It is rel­a­tively easy to iden­tify rela­tion­ships between data points. How­ever, the pres­ence of a rela­tion­ship does not imply that the data points or events caused each other.  The idea that cor­re­la­tion implies cau­sa­tion is a com­mon fal­lacy that not only occurs with ana­lyt­ics, but in busi­ness deci­sions, aca­d­e­mic research, and media sto­ries. Think for a moment – Have you ever read an arti­cle or saw a news story where the con­clu­sion did not sit right? There was prob­a­bly an assump­tion about an effect as a result of other facts being related.

Con­sider this anal­ogy. In a par­tic­u­lar city, research showed a strong, pos­i­tive rela­tion­ship between ice cream sales and crime. When sales went up, so did crime and vice versa. Does this mean that buy­ing ice cream causes crime? Or is there some other fac­tor involved, such as weather or time? Peo­ple pur­chase more ice cream in warmer months. Peo­ple are also out­side more in warmer months with their homes unat­tended for longer peri­ods of time. If you incor­rectly assume that ice cream causes crime, would you stop the sale of ice cream in order to com­bat crime? As a result of other vari­ables and incom­plete con­text, it is dif­fi­cult to jus­tify a causal reac­tion between ice cream and crime.

What is Cor­re­la­tion and Causation?

To under­stand the dif­fer­ence between cor­re­la­tion and cau­sa­tion, let’s start with the def­i­n­i­tions. Cor­re­la­tion indi­cates a rela­tion­ship between two vari­ables, usu­ally found in sta­tis­tics. The most com­mon form or cor­re­la­tion is Pearson’s prod­uct moment, which pro­duces a coef­fi­cient “r” that describes the strength and direc­tion of a lin­ear rela­tion­ship between two vari­ables. For exam­ple, there may be a strong, pos­i­tive rela­tion­ship between email sends and site vis­its as a result of r=.93.

A cause is an act that occurs in such a way that some­thing hap­pens as a result. For exam­ple, my act of open­ing and click­ing on an email link caused me to go to a web­site.  An assump­tion may be made that because I received the email, I went to the web­site, but how do you really know that email caused me to go to the site with­out ask­ing me? Is it not pos­si­ble for me to go to the web­site with­out click­ing on an email link? Sure it is.

Act­ing on Correlation

Cor­re­la­tion may not indi­cate cau­sa­tion, but it can lead to action. Con­sider the mar­ket­ing ana­lyst that finds a strong cor­re­la­tion between site searches and rev­enue.  To increase rev­enue, do we drive vis­i­tors to the search page on our site? Maybe, but what if vis­i­tors go to the site search page because they are frus­trated and can’t find the prod­uct they want to pur­chase? Do we want to increase frustration?
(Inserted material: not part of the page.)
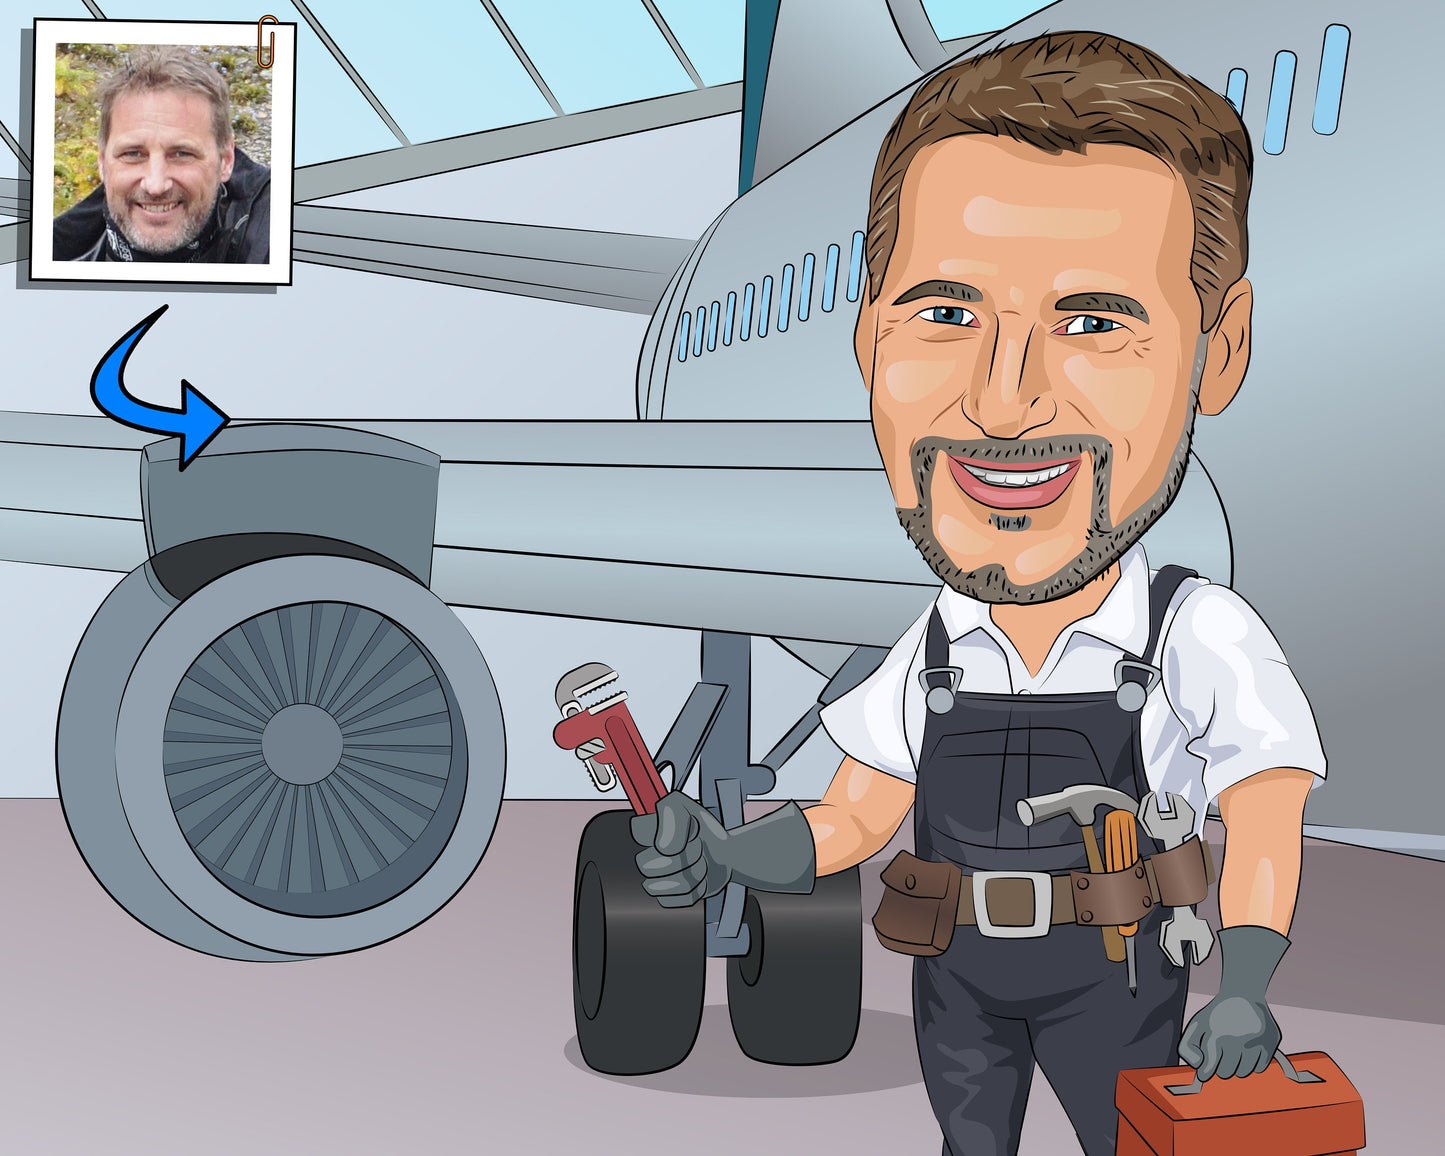 Aircraft Mechanic Gift - Custom Caricature Portrait From Your Photo/airplane mechanic

So what good is cor­re­la­tion if you are telling me I can’t assume cau­sa­tion? Cor­re­la­tion gives you a strong start­ing point for fur­ther test­ing and opti­miza­tion.  Since we know there is a rela­tion­ship between site search and rev­enue, we can now look at why. Through addi­tional analy­sis, A/B tests, and cus­tomer sur­veys, we can bet­ter under­stand the rela­tion­ship, con­text, and impact that our deci­sions will have on other factors.

So What?

Before div­ing into analy­sis, ask your­self “Why?” What is the busi­ness ques­tion and what value can be derived from my analy­sis? An impor­tant follow-up task is to con­sider the abil­ity to take action and real­ize the value. As we get closer to under­stand­ing our tar­get audi­ence and what causes desired out­comes, remem­ber the work is not fin­ished until we act.